В скором времени репетиции превратились в сольные концерты Фридмана. Жители города стали приходить в кинотеатр задолго до начала сеансов, чтобы послушать пианиста; теперь зрительный зал всегда был полон, у входа люди "стреляли" билеты - независимо от качества фильма.
Как принято было писать в газетных репортажах, "результат не замедлил сказаться": на стене позади оркестра распласталось переходящее красное знамя с золотым шитьём "Пролетарии всех стран, соединяйтесь!" и "За отличные показатели в социалистическом соревновании". Знамя вручал САМ.
– Кадры решают всё!
– сказал он, пожимая Каюкову руку.
Событие, разумеется, "обмыли" - как всегда, в узком кругу в оркестрантской комнате.
Водку разлили в стеклянные баночки из-под консервов.
– Желаю коллективу успехов в боевой и политической подготовке! Николай Андреевич скороговоркой произнёс тост, пугливо оглянулся на дверь, торопливо сглотнул водку и обтёр губы рукавом.
– Когда страна быть прикажет агоем у нас агоем становится любой лехаим!
– Яша жадным залпом опорожнил свой "бокал".

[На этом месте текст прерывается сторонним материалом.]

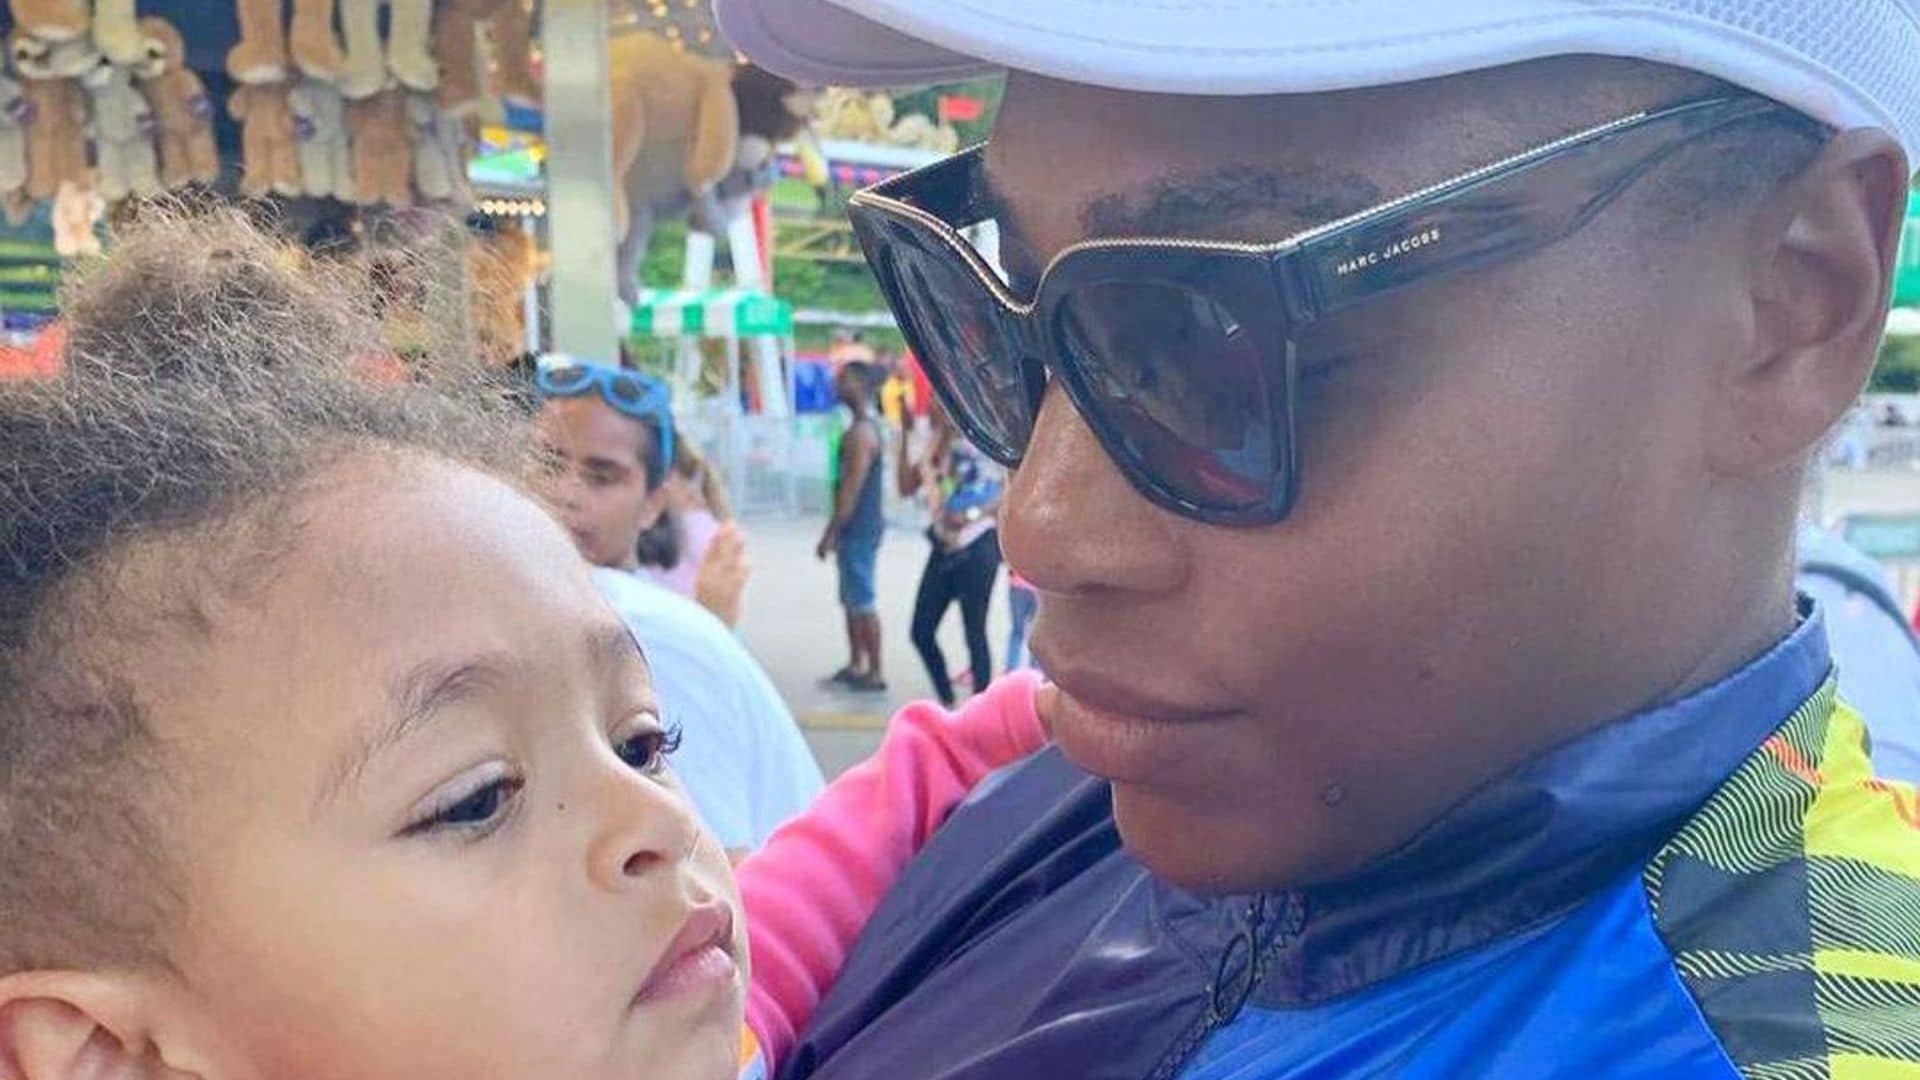 Serena Williams’ daughter takes a nap on her ‘stressed mom’ in candid photo

– Допоёшься... на свою голову, - проворчал Ефим Соломонович.
– У нас все равны, - блёклым голосом констатировал Каюков, и неясно было, что он имел в виду: "у нас" - в стране или "у нас" - в оркестре. Выяснять, однако, не стали: все так все, равны так равны, а где "у нас" нам, татарам, как говорится...
Выпили ещё - на этот раз без тоста. Последние капли Яша выцедил из бутылки прямо в рот. Он запрокинул голову, прикрыл глаза, и его острый кадык заёрзал под кожей. Фридман ушёл в угол сцены и там, поскрипывая стулом, тихонько наигрывал.
Как-то раз во время репетиции на эстраде произошла заминка, которую вряд ли кто заметил, а если и заметил, не придал ей значения, а может придал, да не подал вида.
В фойе вошёл Фомин. Фридман на полуфразе прервал игру, торопливо поднялся, вытянул руки по швам; не поворачивая головы, боковым зрением Maestro наблюдал за вошедшим.
Фомин коротким жестом возвратил музыканта на место, и репетиция продолжалась.
Федя вбежал в комнату, баюкая, как младенца, запелёнутую в тряпицу вещь.